I just purchased a Dust Cutter from Amazon and installed it yesterday. I've cut one piece since then so can't comment yet on the quality.

At $30, it's a tad more expensive than HF, but it did seem to fit well on my Skil saw. I do like the idea of attaching the vac to it and the zippered discharge slot. It attaches with a Velcro strip so the seal seems tight enough. Time will time, but it's better than nothing right now.

Here's the link:

http://www.amazon.com/Dust-Cutter-TS1001/dp/B001BQACIC/ref=sr_1_1?ie=UTF8&qid=1295790867&sr=8-1


----------



## donjohn24 (Oct 15, 2010)

I also have problems with dust dropping out the bottom of my saw despite it having a dust extraction outlet. I Googled for 'dust bag for saw' and found the version sold by HF, but no one selling this or similar items on this side of the pond - only more expensive mini 'systems'.

So - I remembered the cover I made for my hand-cranked organ from an awning that had been replaced after it discoloured, and thought I could *make* a dust bag myself. I borrowed my wife's sewing machine again and produced a bag - not Saville Row quality but effective. (As instructed, I threw away the needle after use as it would no longer be suitable for her patchwork)

I also purchased some rare earth magnets, but was dubious about sticking them to the polyester 'canvas' material. However, as I - luckily - had used canvas that already had a seamed turnover, and that was at the top of the bag, I was able to cut small slits in the turnover and slide in 20mm dia, 3mm thick magnets near each corner - eight in all. The magnets grab firmly through the canvas, onto the inside of the stand.

Here's the finished job, with the organ and its cover in the background.

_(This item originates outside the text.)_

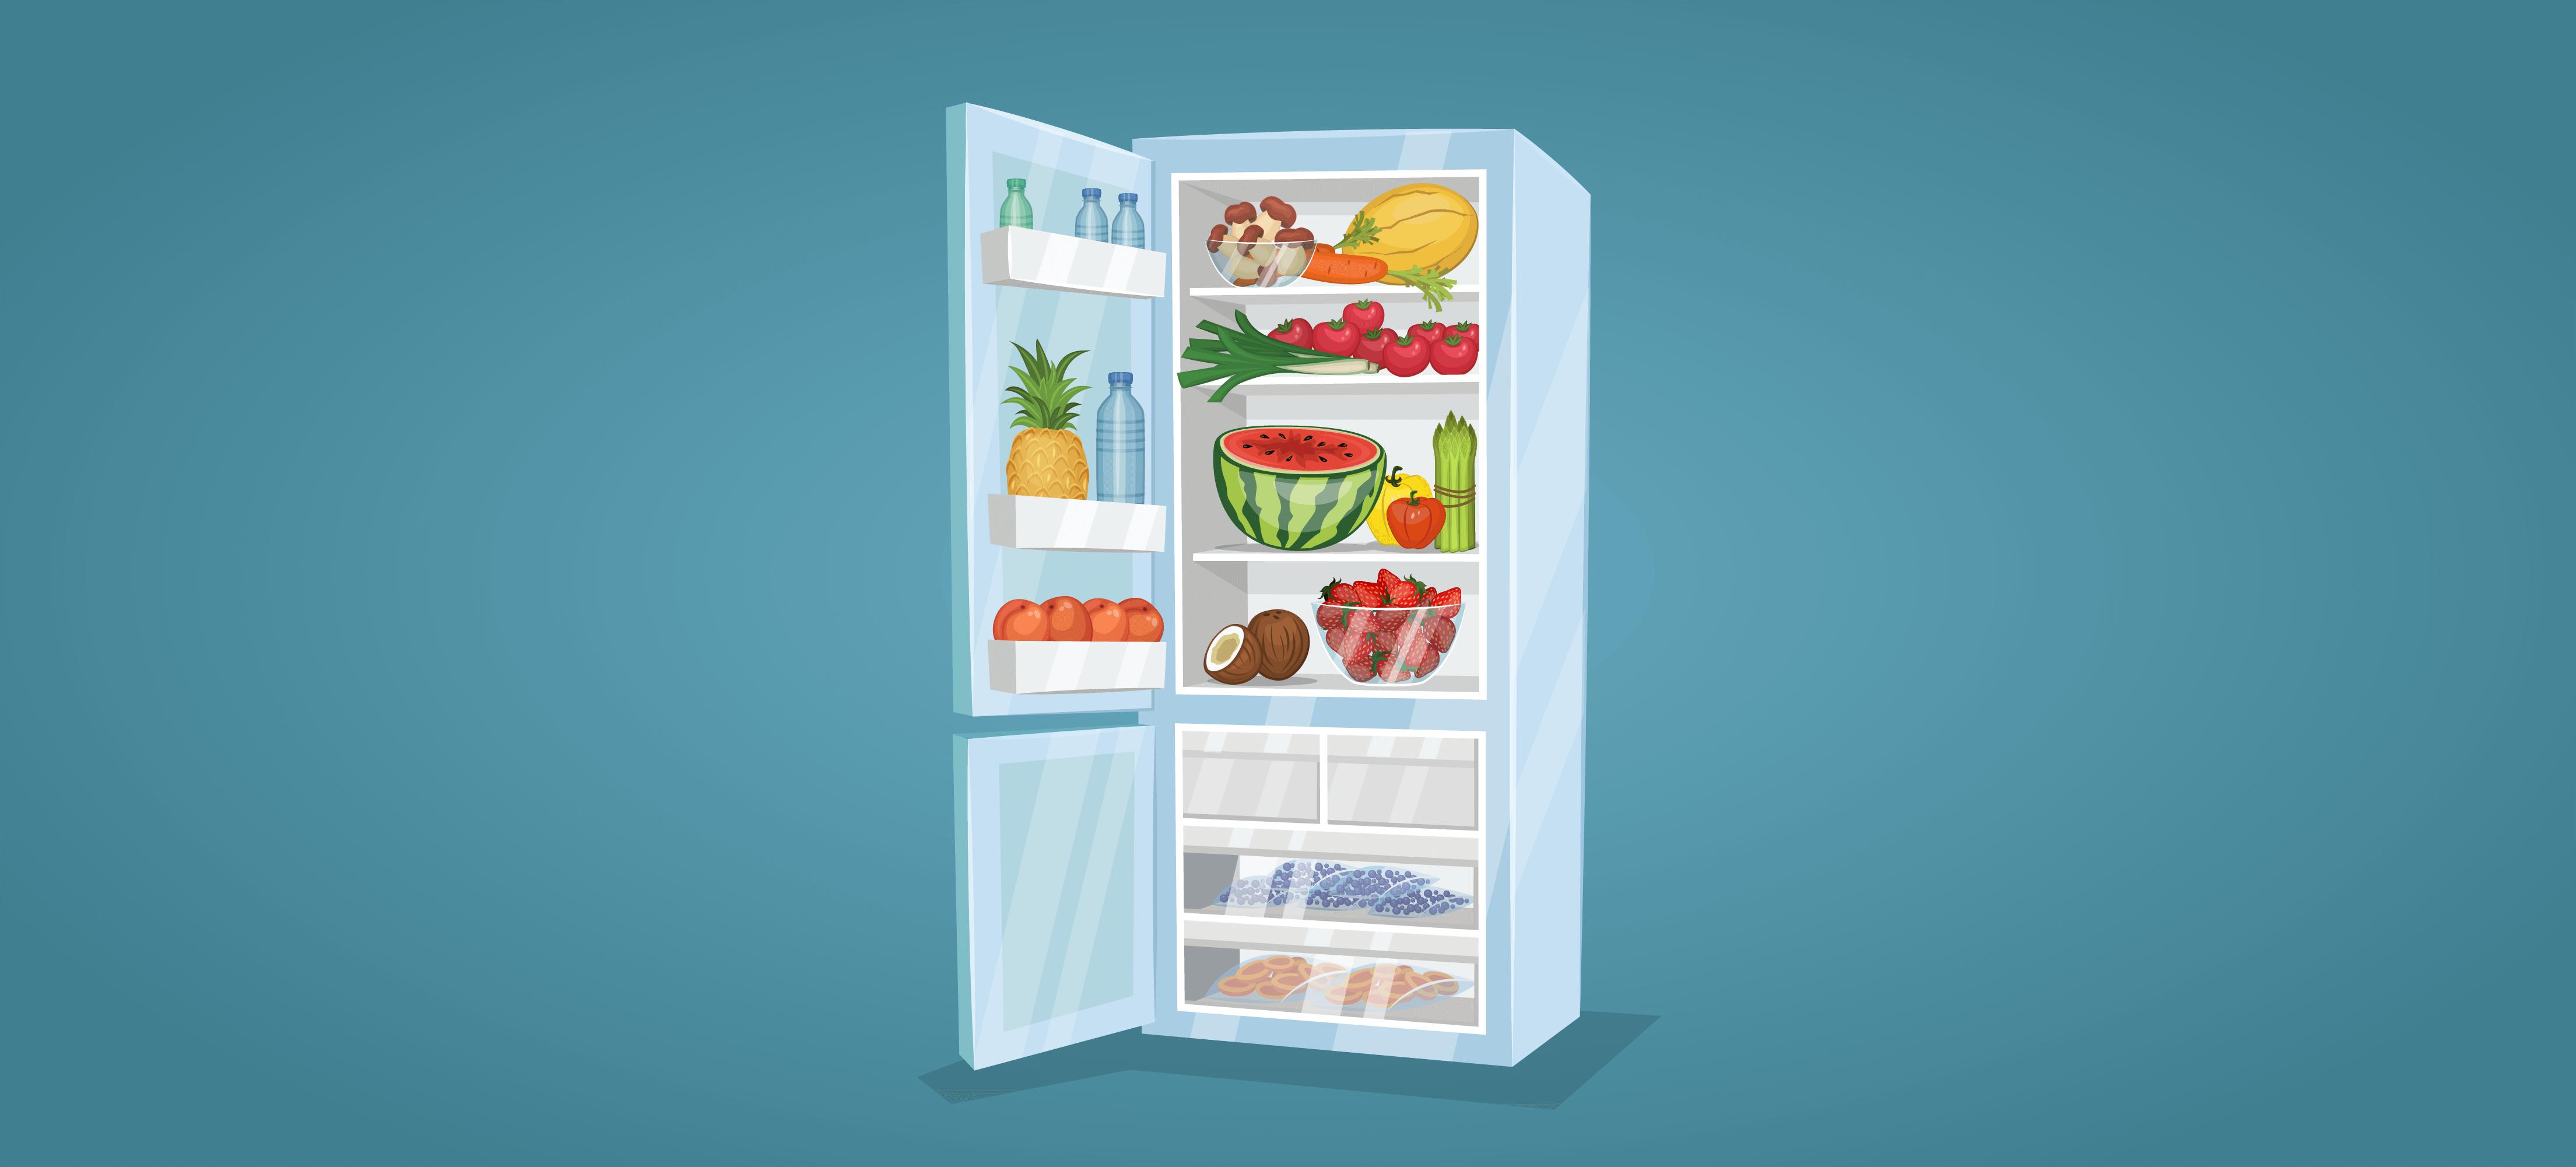 cum aleg cel mai bun frigider pentru acasa ghidul cumparatorului si ce trebuie luat in considerare pentru a alege dintre cele mai bune frigidere si dintre cele mai bune marci de frigidere

I wonder if the weight of sawdust when the bag is nearly full might cause the magnets to release - making a self-checking 'full' indicator 

So, many thanks for posting the review and your modifications - it helped me solve an ongoing irritant.


----------



## patcollins (Jul 22, 2010)

I liked the striped fabric.

I usually wheel my saw outside on my driveway to do my cutting so that my garage isn't any more dusty than it already is. I just riped about 20 ft worth of oak and my cheapo dust bag saved from having to use a broom and dustpan on the driveway. So in my eyes it was a well spent $8.


----------



## NH_Hermit (Dec 3, 2009)

OK, I had a chance to try out the new dusk cutter over the weekend and am very pleased, especially when I attached the shop vac to it. I'm guessing it took 95%+ of the dust. To me, this was money well spent.


----------